When we got there it wasn't as bad as I thought and my plan was wrong, I clipped the blue pole, which ends your run. I'd thought I would need to turn much more sharply than I needed to and was set up wrongly when I got there. I've said it before and let myself down before, but I must walk the whole hill to see every gate myself.

In this shot the start is to the right of the guy in the orange jacket (where the blue board is). However as it's so slippery there that you set off from the grass higher up and slither through the start gate.



Then you have to carefully cross the traverse and floor the pedal to try to get up to the tree that you have to turn around. We managed that a couple of times but I failed to get around the tree on the last run, which wasn't too bad as several others also failed, in the slurp.

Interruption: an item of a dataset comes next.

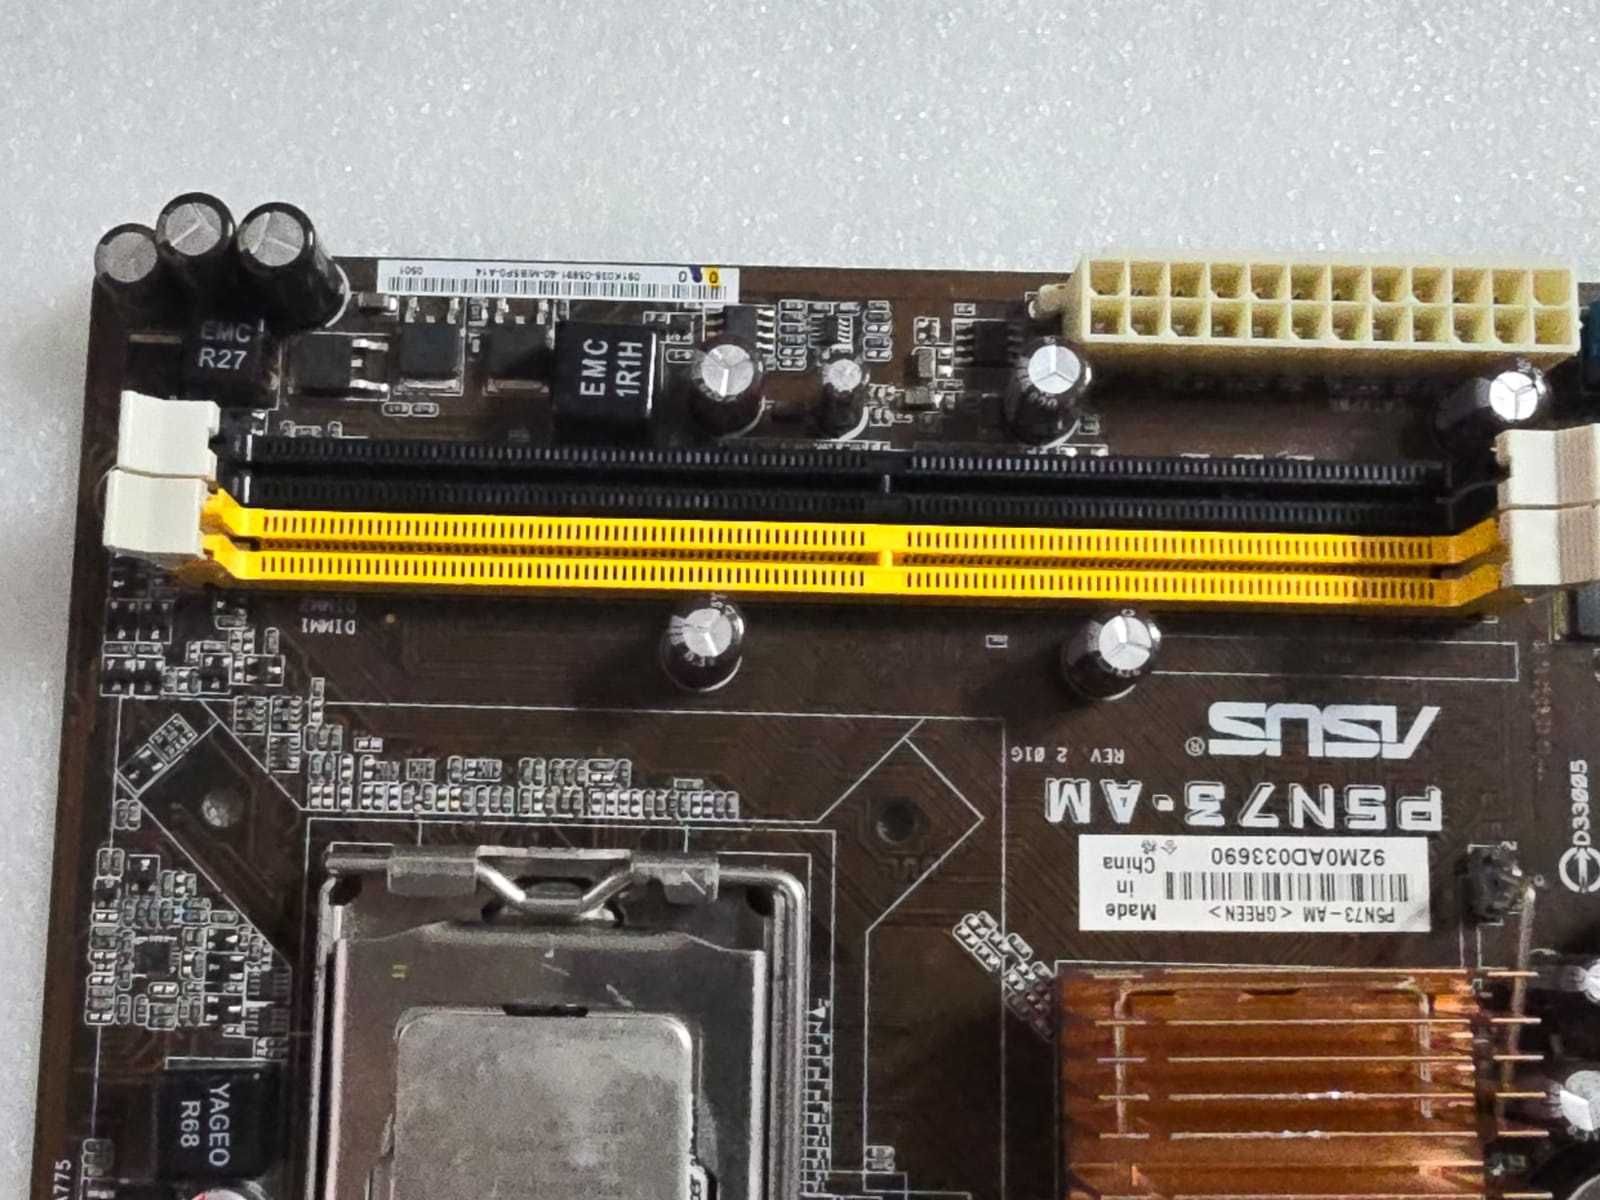 Placa de baza ASUS P5N73-AM, LGA775, DDR2 + Procesor Q8200

A rather bizarre thing happened on the first Hill on our second run. It set off on the level, went for about 30 yds then up a short and very steep rise, turned left and into another traverse between gates which were offset so you had to weave between them.
We did well on the first run and almost reached the top.
On the second attempt the blast from the start line threw up a load of fallen leaves. I have long eyelashes (back girls...) and some stuck to them over my left eye. I couldn't see where I was going. I managed the left turn and started throwing my head about to try and dislodge them. I don't have a spare hand in these situations.
I carried on into the traverse, but because I couldn't see I clipped a blue pole with a back wheel. So we scored 9 on that attempt when we had scored a 2 on the first run (lower, better).
I realised afterwards that I had been stupid. There is no timing. The only stricture is that you can't be stationary for more than 3 seconds. I could have stopped at the turn, removed the leaves and carried on. Stupid Boy!

The results were the usual near the bottom end of the score sheet. However we didn't suffer any mechanical maladies and there were only a couple of Novices on the event, so we had lots of better drivers ahead. 
Looking back at the places that caused failures I see a common problem.
I think it may be dawning on me what I need to do so by the next event I'll have tried a couple of practices and may have better grip (see what I did there) of the matter.